Angus Vinden is another trailblazing young winemaker who's a bit of a nonconformist. He took over the family business about six years ago and branched out from the classic Vinden Estate brand with a novel new label called Headcase that offers some intriguing (you could say oddball) wines. The family vineyard is the only one in the region that grows Alicante Bouschet, a red-fleshed grape from France, which under the Estate brand has been used to make a sparkling wine, but Angus has fashioned a new spinoff called The Vinden Headcase Charmless Man. It's a medium-bodied blend of Alicante Bouschet, Tempranillo and Shiraz that's silky smooth and there's also a terrific Headcase Tempranillo but, alas, it's sold out and the new vintage isn't available until September.

​Saddler's Creek Wines

This boutique brand also has a talented young winemaker holding the reins. Hunter born and bred Brett Woodward joined this family-owned brand in 2011 and was promoted to head winemaker in 2013, masterminding some beautifully structured wines that are a pleasure to consume. The Saddler's range offers drink now wines that are full of flavour – and the cracking Estate Blend is a great example. It's a delicious mix of Hunter Valley Shiraz, Cabernet and Merlot that's just what the doctored ordered when it's cold and wet outdoors.

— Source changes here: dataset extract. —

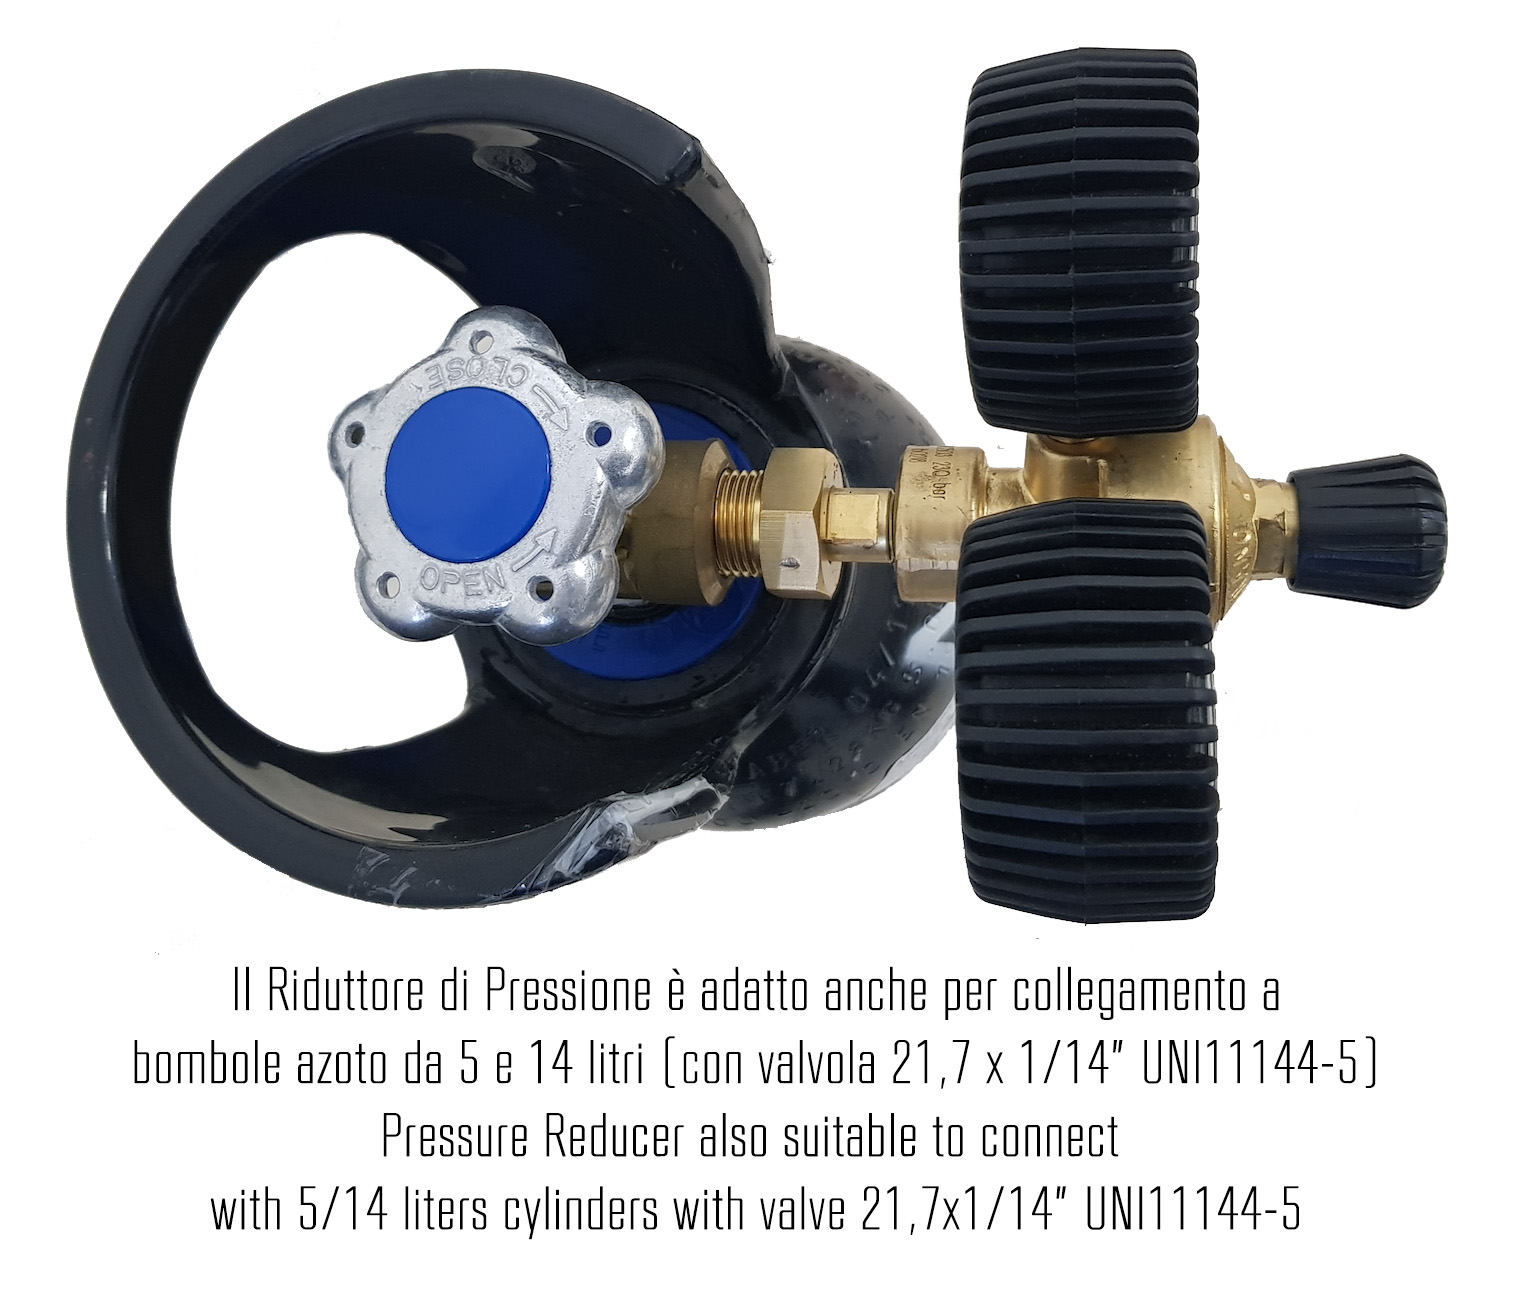 K-Leak Tester N2 AUTO - Kit cercafughe azoto per impianti condizionamento auto (adatto anche per collegamento a bombole industriali) - Foto 4

So that's what I'm going to be sampling this month, but I always wonder what winemakers are drinking, don't you? So I asked a couple to reveal their favourite Hunter dry reds.


"Hunter dry reds are perfect drinking at any time of year, but I particularly love them in the cooler months – it's a great time to slow down and savour them with a delicious meal somewhere cosy and warm."

Her five faves are:

Silkman Shiraz Pinot – the splash of Pinot in this Hunter Shiraz gives this blend a lovely aroma and silky texture… and it's oh so easy to drink!

De Iuliis LDR Shiraz Touriga – the ultimate Friday night footy wine to pair with a homemade beef and red wine pie.

Briar Ridge Dairy Hill Shiraz – if you're invited to a Christmas in July party you need a celebratory wine – come on down Dairy Hill Shiraz.

Tyrrell's Wines Gamay – Gamay is a lighter style of red that's a great midweek wine to have with pizza.

Mount Pleasant Rosehill Shiraz – a prized old Pokolbin vineyard and a wine of great pedigree. What more do you want on a chilly winter's night?


"Beautiful and elegant flavours are the essence of any dry red from the Hunter," says Adrian. "As the pinnacle of true medium-bodied wines, dry reds expertly express the region and vintage through their savoury notes making them one of my all-time favourites to drink with or without food at any occasion."

His five faves are:

Thomas Wines Kiss Shiraz – impress your significant other on date night with this flagship Shiraz.

Brokenwood Wines Verona Shiraz – red wine and cheese is a match made in heaven and you'll be on cloud nine with this combo.

Tyrrell's Wines Vat 8 Shiraz Cabernet – if you're looking for a bigger style of dry red to pair with a hearty winter meal, like slow-cooked lamb shanks, try this this fruit-driven blend.

De Iuliis Wines LDR Shiraz Touriga – who doesn't love chocolate right? This is Adrian's numero uno to pair with chocolate desserts.

Mount Pleasant Old Paddock & Old Hill Shiraz Magnum – add a bit of wow factor to your next party with a super-size magnum of this opulent drop. Also makes a fab gift for your wine-loving friends.